Le 122e Congrès des notaires de France se concentre sur la fiscalité et a formulé 21 propositions organisées autour de trois objectifs principaux : renforcer la sécurité juridique, stabiliser les règles fiscales et encourager une circulation plus précoce du patrimoine. Ces propositions seront débattues et soumises au vote lors du Congrès, prévu à Lille du 30 septembre au 2 octobre 2026. À ce stade, elles ne constituent pas des modifications du droit en vigueur.
Quatorze propositions concernent la sécurité fiscale. Le Congrès souhaite notamment renforcer le droit à l’erreur en précisant la notion de première erreur et en portant la réduction des intérêts de retard à 80 %, voire à 100 % sur décision de l’Administration. Il est également proposé d’étendre le contrôle fiscal sur demande à l’ensemble des actes authentiques soumis à enregistrement, y compris les ventes immobilières et les partages. De plus, les héritiers pourraient bénéficier de délais de paiement des droits de succession allant jusqu’à cinq ans, et jusqu’à dix ans lorsque la succession inclut principalement des biens difficiles à vendre.
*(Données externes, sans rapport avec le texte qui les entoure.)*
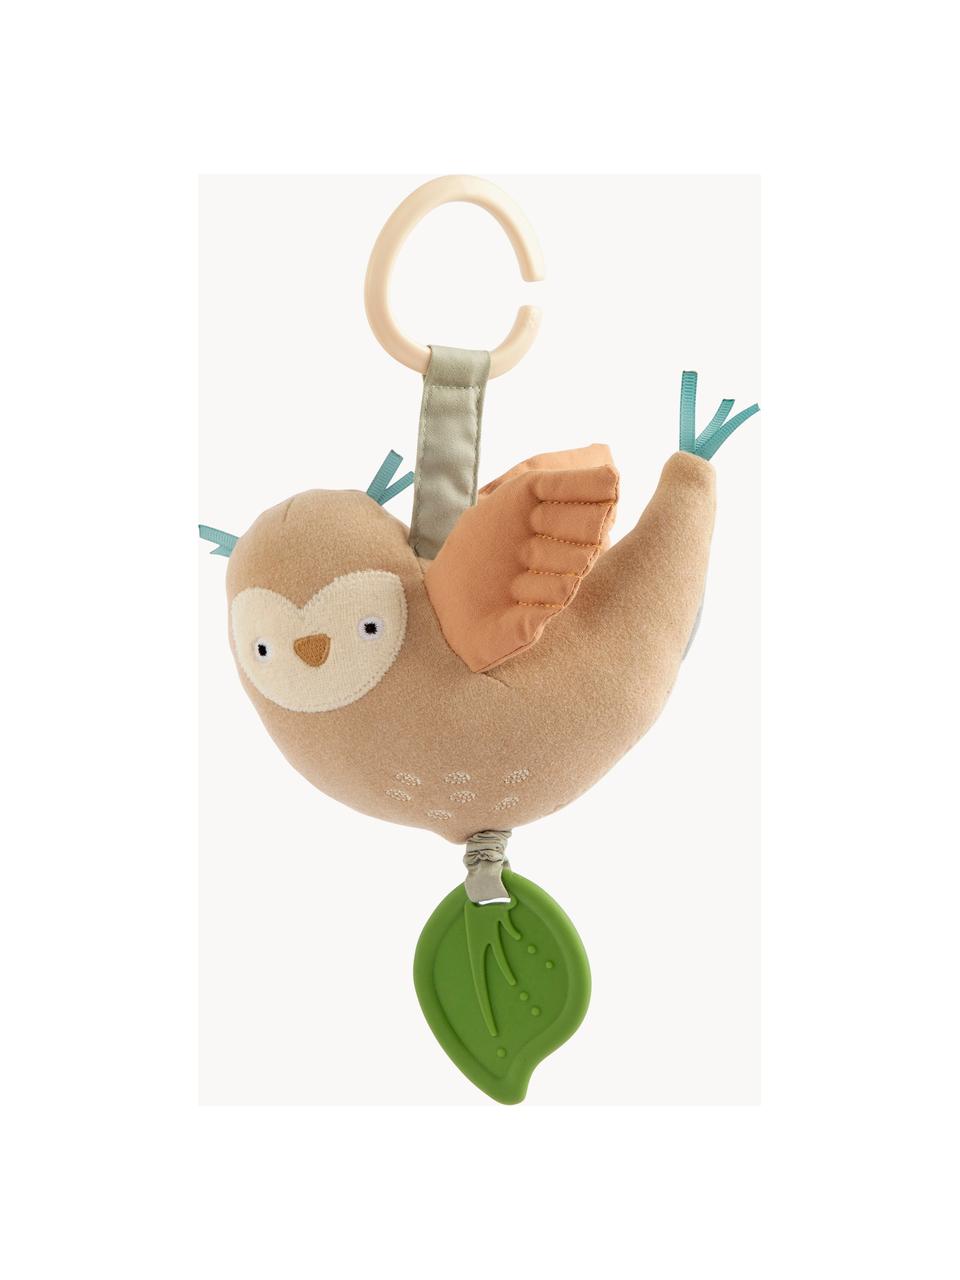 Aktivity hračka Blinky the Owl, Odstíny béžové, více barev, Š 16 cm, V 17 cm

Deux propositions visent à stabiliser la fiscalité. Les notaires souhaitent protéger les attentes légitimes des contribuables ayant engagé des investissements à long terme basés sur un régime fiscal déterminé, afin de limiter les conséquences des changements de règles qui pourraient perturber l’équilibre économique de projets déjà engagés.
Cinq propositions incitatives cherchent à faciliter les transmissions entre générations. Le Congrès propose de réduire de moitié les taux des droits applicables à certaines donations en pleine propriété ou en usufruit réalisées avant les 75 ans du donateur, dans la limite d’une part taxable de 552 324 euros. Il est également recommandé d’appliquer aux successions les abattements dont bénéficient les petits-enfants et arrière-petits-enfants en matière de donation.
Enfin, les notaires suggèrent de réformer la fiscalité des plus-values immobilières pour faciliter les ventes. La durée nécessaire pour obtenir l’exonération totale des prélèvements sociaux serait réduite de trente à vingt-deux ans, et le réinvestissement du prix de cession serait encouragé. Ces mes visent à rendre la fiscalité plus lisible et à éviter qu’elle ne bloque les transmissions, les ventes ou les investissements.
Source : Congrès des notaires de France.